Mi aspettavo qualche polemica in più, confronto di idee diverse, dibattito vivace… Invece un bel po’ di superficialità e schematismo.
L’istituto comprensivo De Sanctis – Giordani (scuola primaria e media) propone un accordo scuola – studenti – famiglie per il riconoscimento di un genere diverso rispetto a quello assegnato alla nascita. L’atto, di “semplice applicazione”, dà la possibilità di modificare il nome anagrafico con uno scelto dalla persona richiedente. Vale solo a scuola (registri, indirizzo, elenchi…). Nel resto della giornata e altrove resta l’anagrafe ufficiale. Mancano orientamenti ministeriali e alcune scuole si muovono autonomamente e si inventano una “buona prassi” per rispondere al disagio quotidiano di alunne e alunni trans, che vivono l’esperienza scolastica con “la sensazione di non essere conformi ad aspettative sociali e ruoli stereotipati”.

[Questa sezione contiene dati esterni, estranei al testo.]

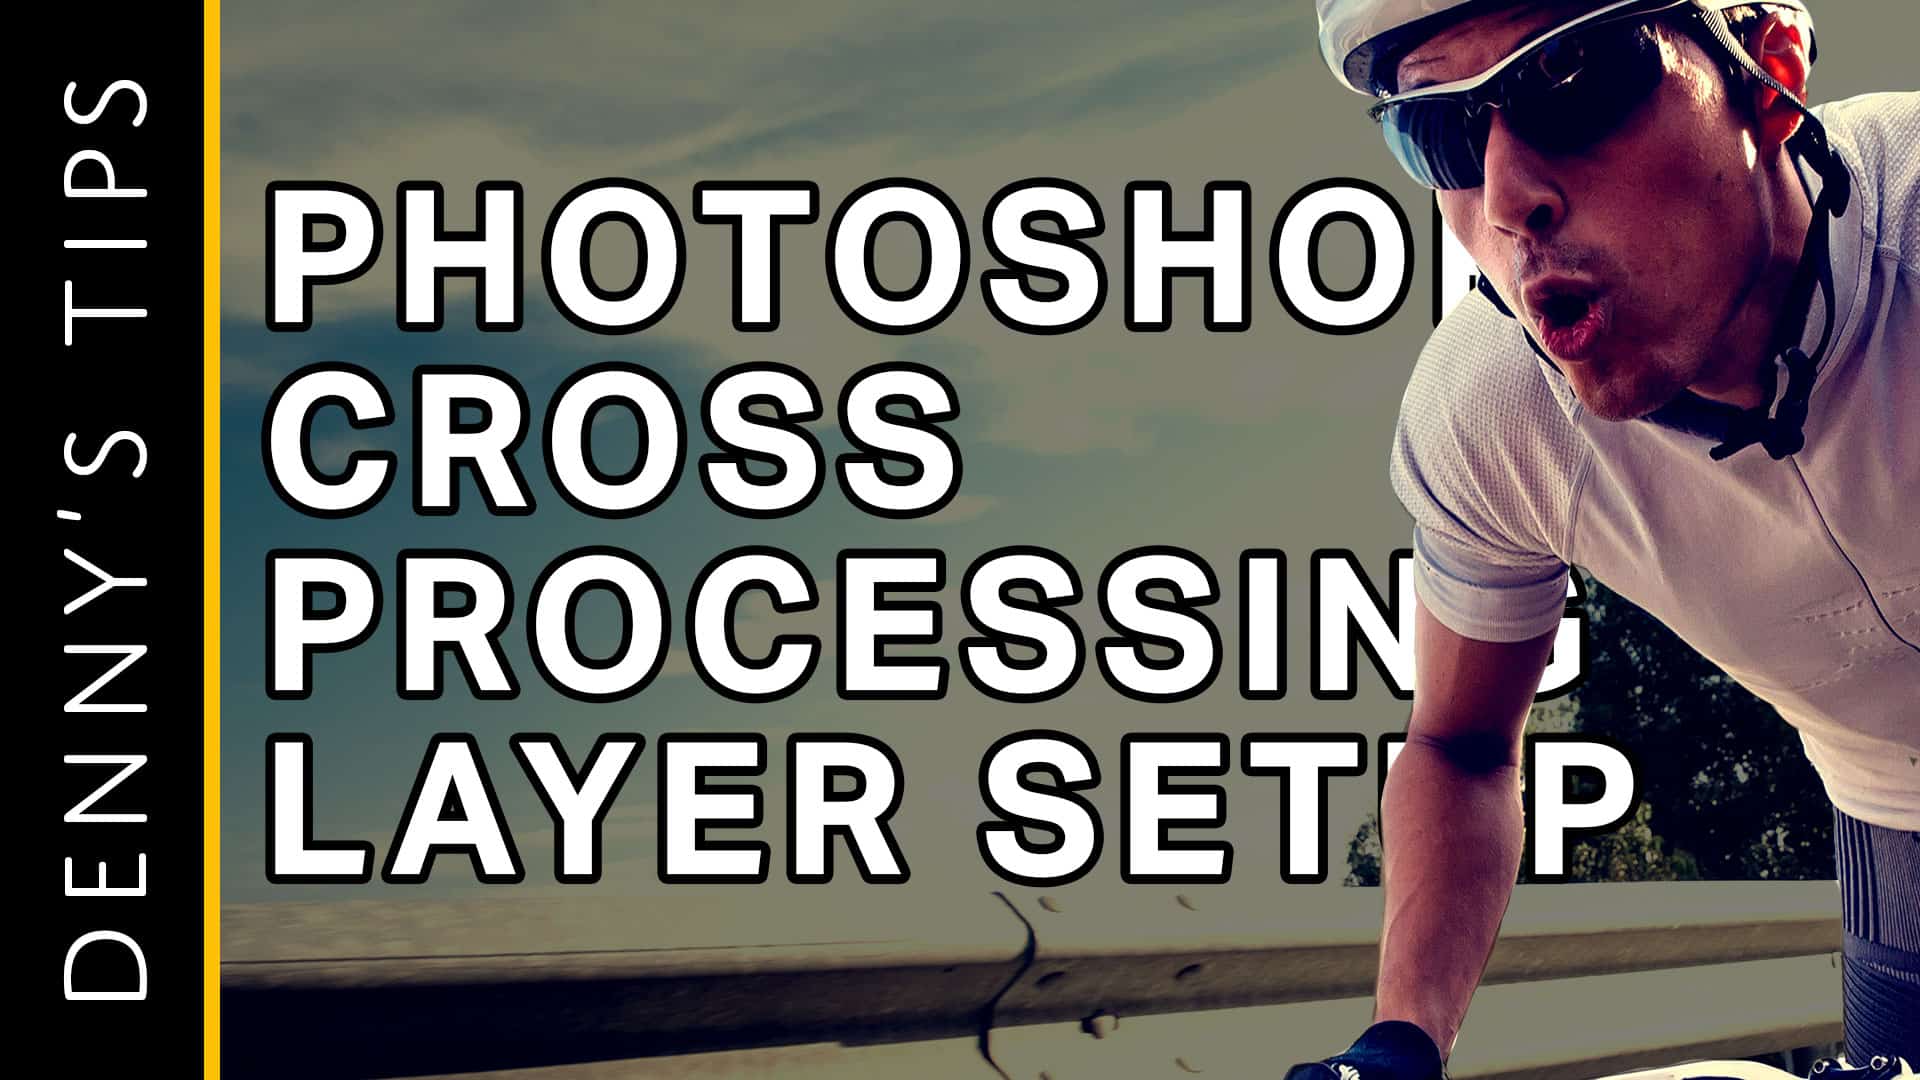 How to Easily Cross Process Your Photos in Photoshop

Nella delibera si dice che la percezione di un sè diverso si può manifestare, in modo precoce, già nella prima infanzia. Una scoperta che genera “disorientamento e disagio” non per la “varianza in sé” ma per l’assenza di “riferimenti culturali sociali e politici adeguati”.

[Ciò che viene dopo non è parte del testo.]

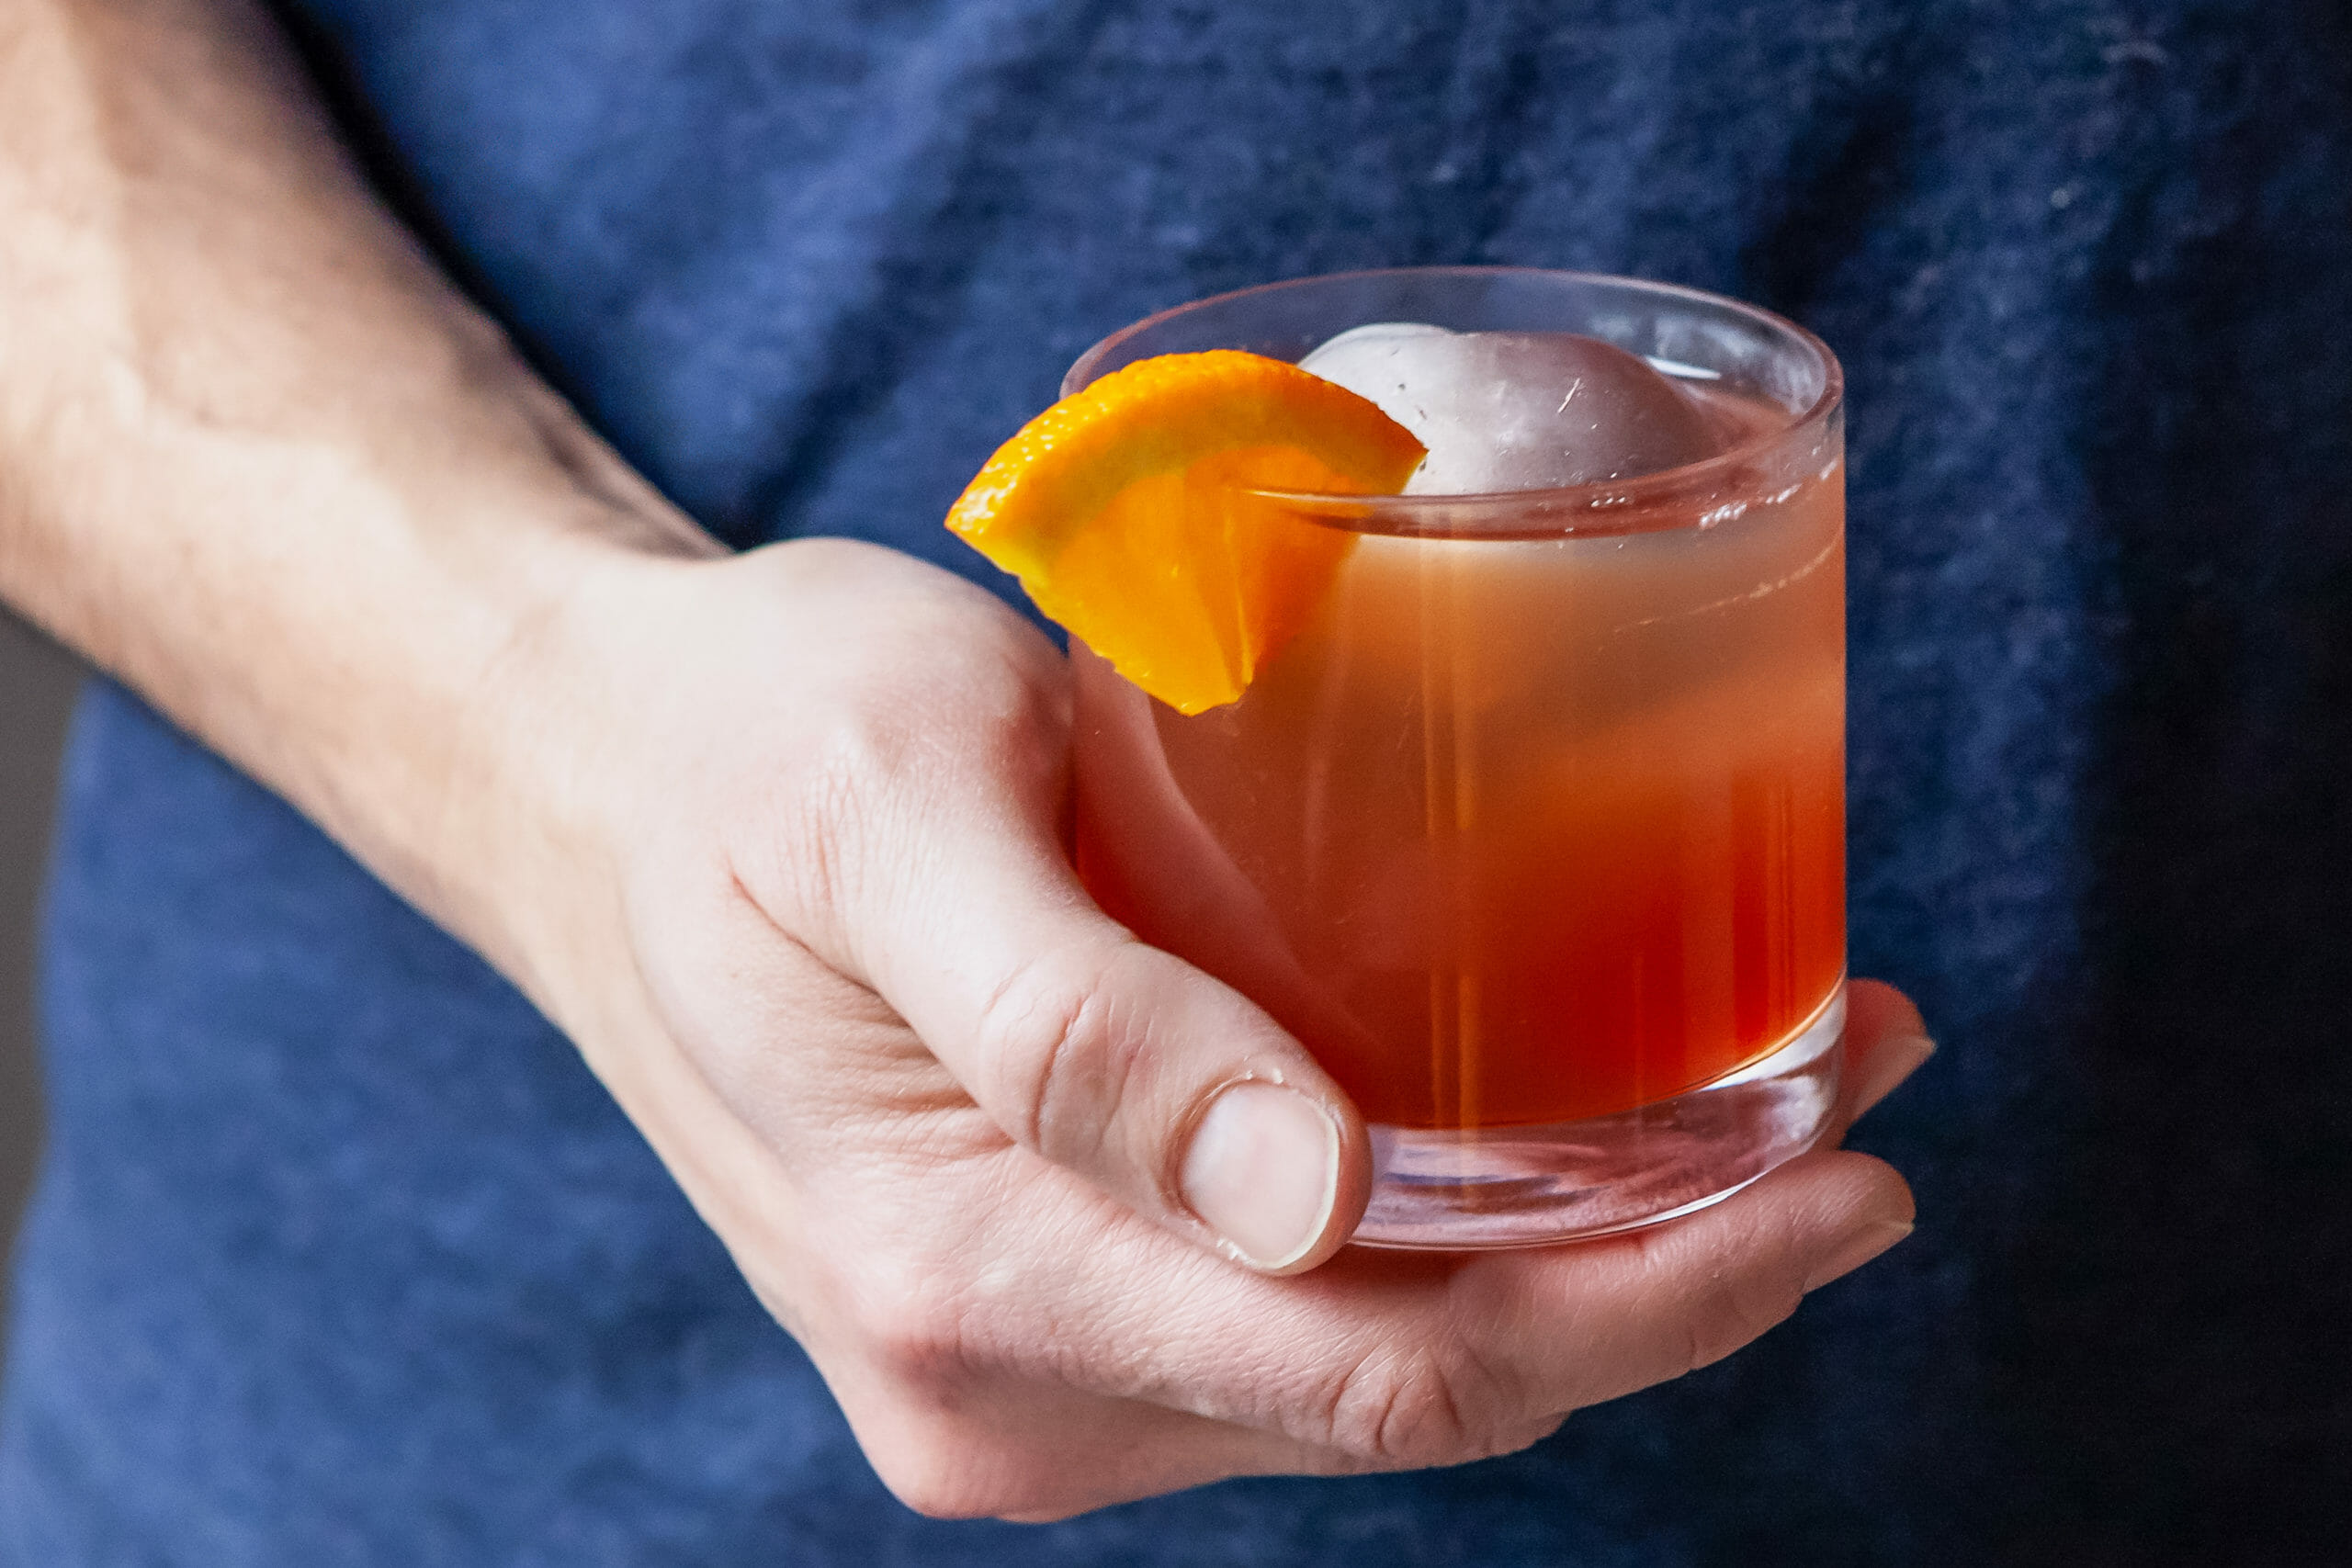 A person holding an Alcohol free negroni.

Il richiamo è ai contenuti disciplinari e attività extracurriculari che rendono confuse le persone trans alle quali non si permette di riconoscersi come “esseri umani non sbagliati”. Una “realtà agghiacciante”: gli studenti trans esprimono il più alto tasso d’abbandono scolastico, soffrono di depressione, disturbi alimentari, atti suicidari, ritiro sociale… Questo ritiene il Consiglio di Istituto “De Sanctis – Giordani” e pertanto tutte le forme del disagio adolescenziale derivano da un unico macro disagio.
Carriera alias è “solo un punto di partenza” per un discorso più ampio di ricerca di una nuova cultura delle relazioni e pratiche educative che creino per tutti senso di appartenenza e abbiano alla base: parità, rispetto delle differenze, formazione all’affettività e sessualità, comunicazione rispettosa e non sessista… Ma allora perché non iniziare a individuare questi nuovi contenuti, questa nuova didattica? Perché non ripensare il processo educativo senza punti di partenza e di arrivo, dove conta camminare insieme?
Ci sono state scelte, effettuate in altri paesi (Regno Unito e paesi scandinavi) con precipitazione e precocità, che hanno creato situazioni di ulteriore malessere; Stati che ora mostrano maggiore prudenza. La modifica anagrafica si può confermare o meno all’inizio di ogni nuovo anno, e non ha bisogno di alcuna certificazione. Ma si può entrare e uscire da una identità senza che restino i segni? Siamo così facilmente plasmabili? Eppure siamo complessi: realtà biologica e psicologica, materia e spirito, corpo e (forse) anima…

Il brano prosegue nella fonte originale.